Most energy storage systems use a breed of batteries called lithium iron-phosphate, or LFP, which is cheaper than the nickel-heavy chemistry that is predominantly used for EV batteries in North America. Switching factories to LFP can take as long as 18 months and cost several hundred million dollars, battery executives told Reuters.
For U.S. battery makers, producing LFP is also complicated by China’s dominance of that technology and its supply chain. U.S.-based battery makers are working to cut their reliance on Chinese materials to qualify for generous federal tax credits for domestic battery production that took effect during the Biden administration and were left in place under Trump, said Iola Hughes, Benchmark’s head of research. Producers must gradually phase out Chinese content in coming years to get the full tax breaks.
Trade barriers are another problem. U.S. tariffs on Chinese-made cathode and anode materials – the two electrodes that ping-pong the electric charge back and forth inside a battery – stand at 35%, according to Benchmark Mineral Intelligence.
CARMAKERS CHASE TESLA ON BATTERY STORAGE
The pivot to energy storage by U.S. carmakers and battery companies has accelerated in recent months.

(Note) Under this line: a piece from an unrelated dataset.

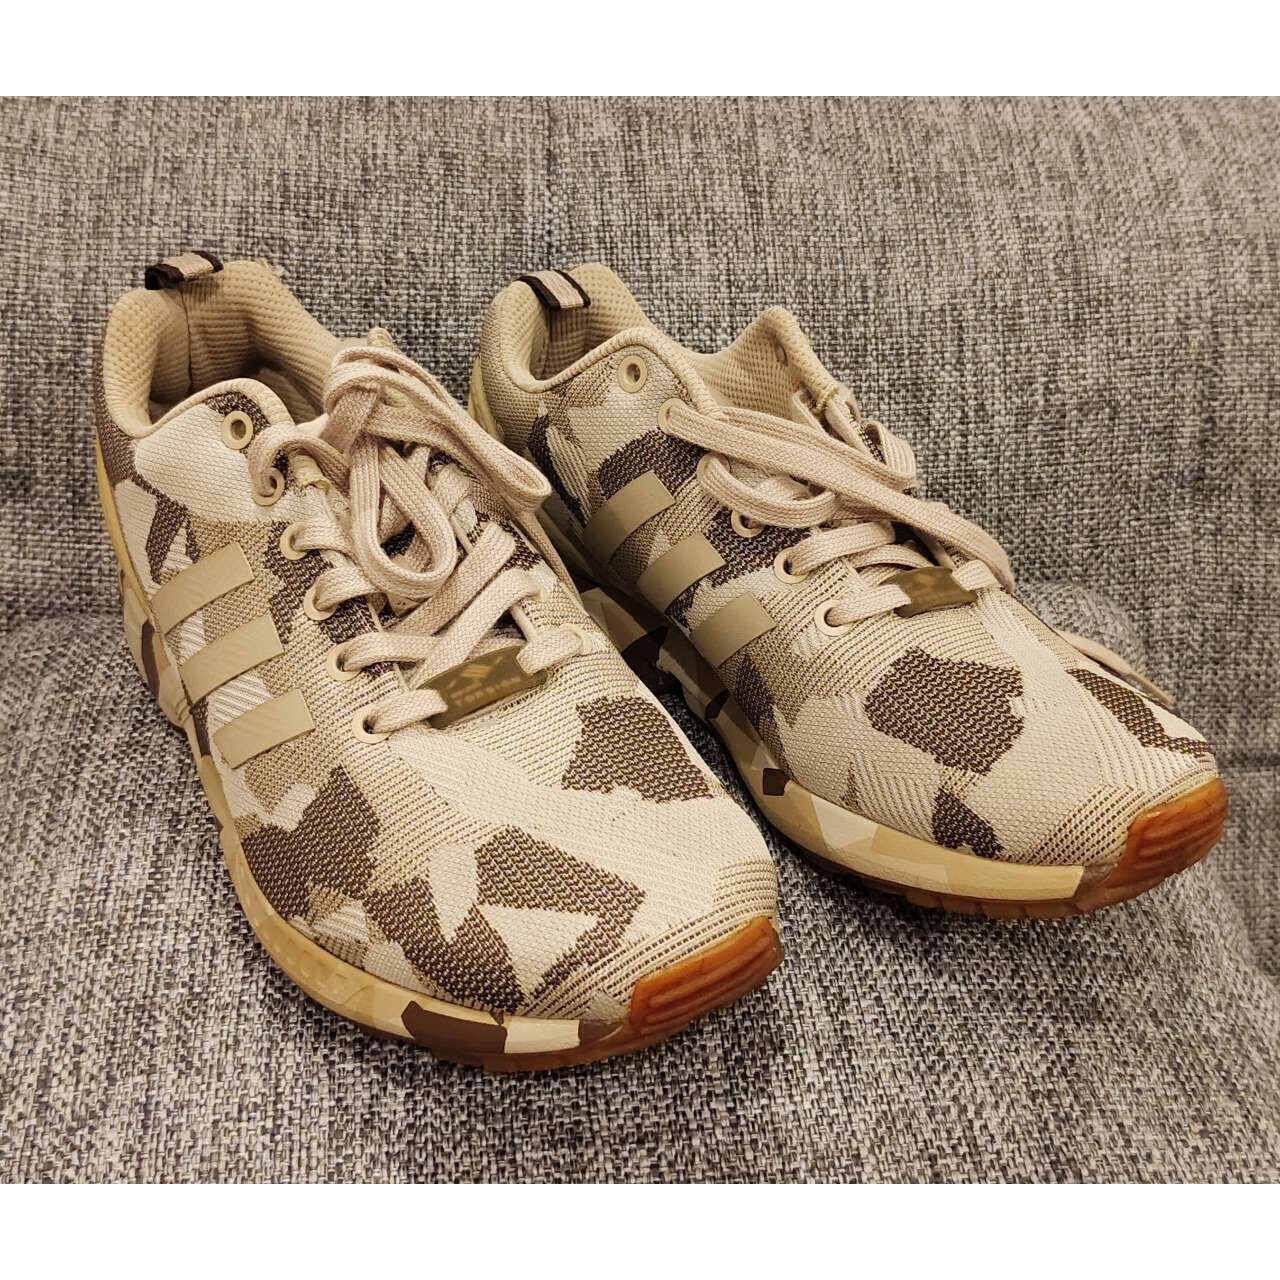 Adidas ZX Flux Clear Brown Sneakers
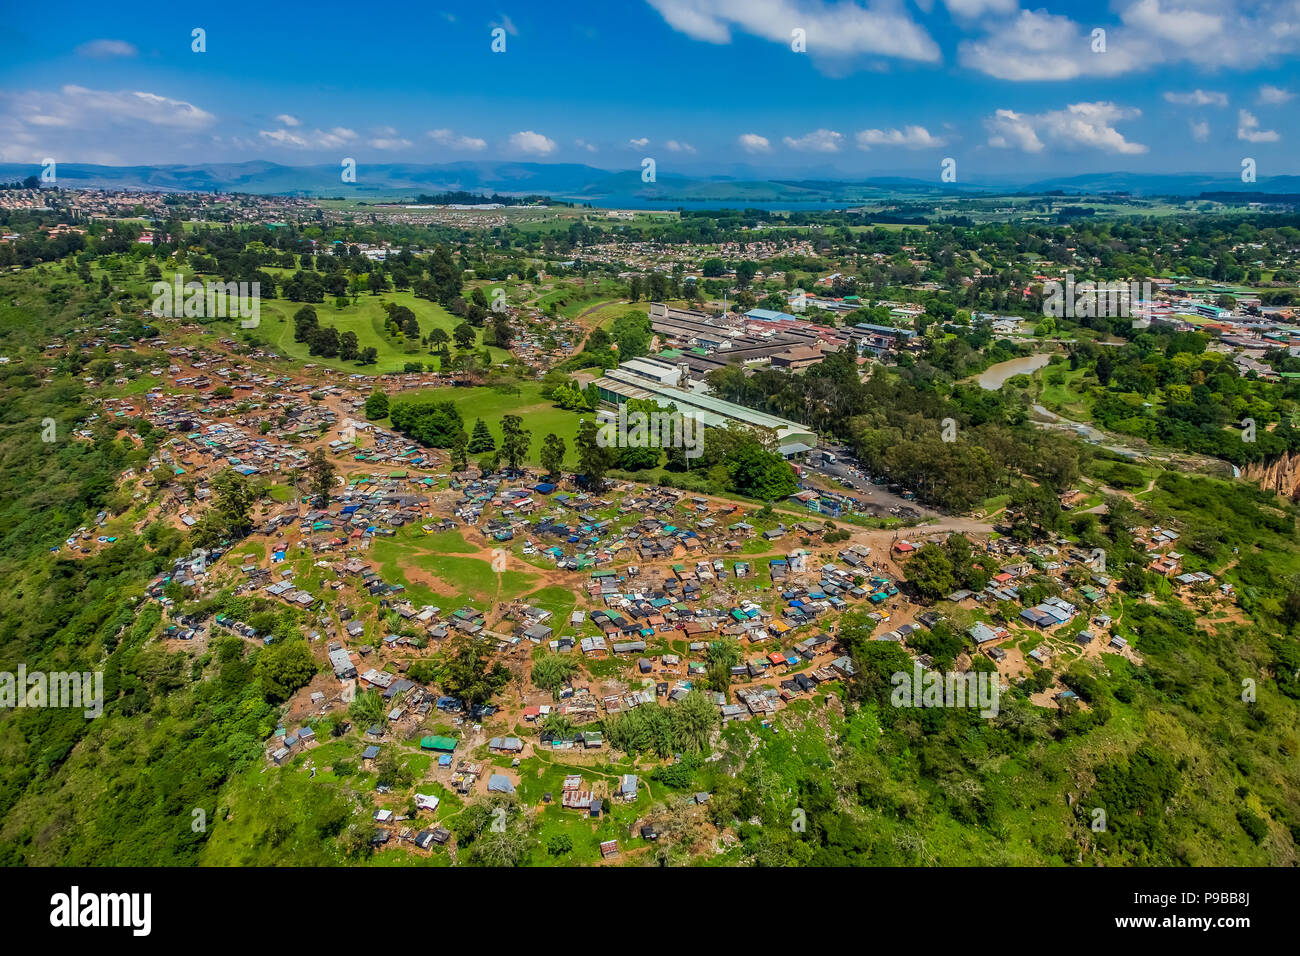 Howick, South Africa, October 19, 2012, Aerial View of Low income housing near Howick Falls KwaZulu-Natal South Africa Stock Photo

In March, the GM-LGES joint venture said it was spending $70 million and retraining workers to make battery cells for storage at its plant south of Nashville. Ford Motor in December disclosed it would repurpose some underused factory space in Kentucky to make storage batteries.
Traditional automakers are playing catch-up to Tesla. Elon Musk's company has spent about a decade developing its energy storage business, which has become one of the EV maker's fastest-growing divisions.
It was also more profitable than its EV business in 2025, with gross margins of about 30% compared to about 15% for its automotive business, excluding earnings from regulatory credits.
Deployments of Tesla’s so-called Megapack storage units have surged, including $430 million in revenue last year from sales to Musk’s xAI, an example of how AI-driven data-center demand is translating directly into battery orders.
Kurt Kelty, GM's battery chief and a former Tesla executive, told Reuters in January that the company is committed to building a battery manufacturing industry and supply chain in the U.S. Whether it’s for EVs or storage systems, he said, “it really doesn’t matter.”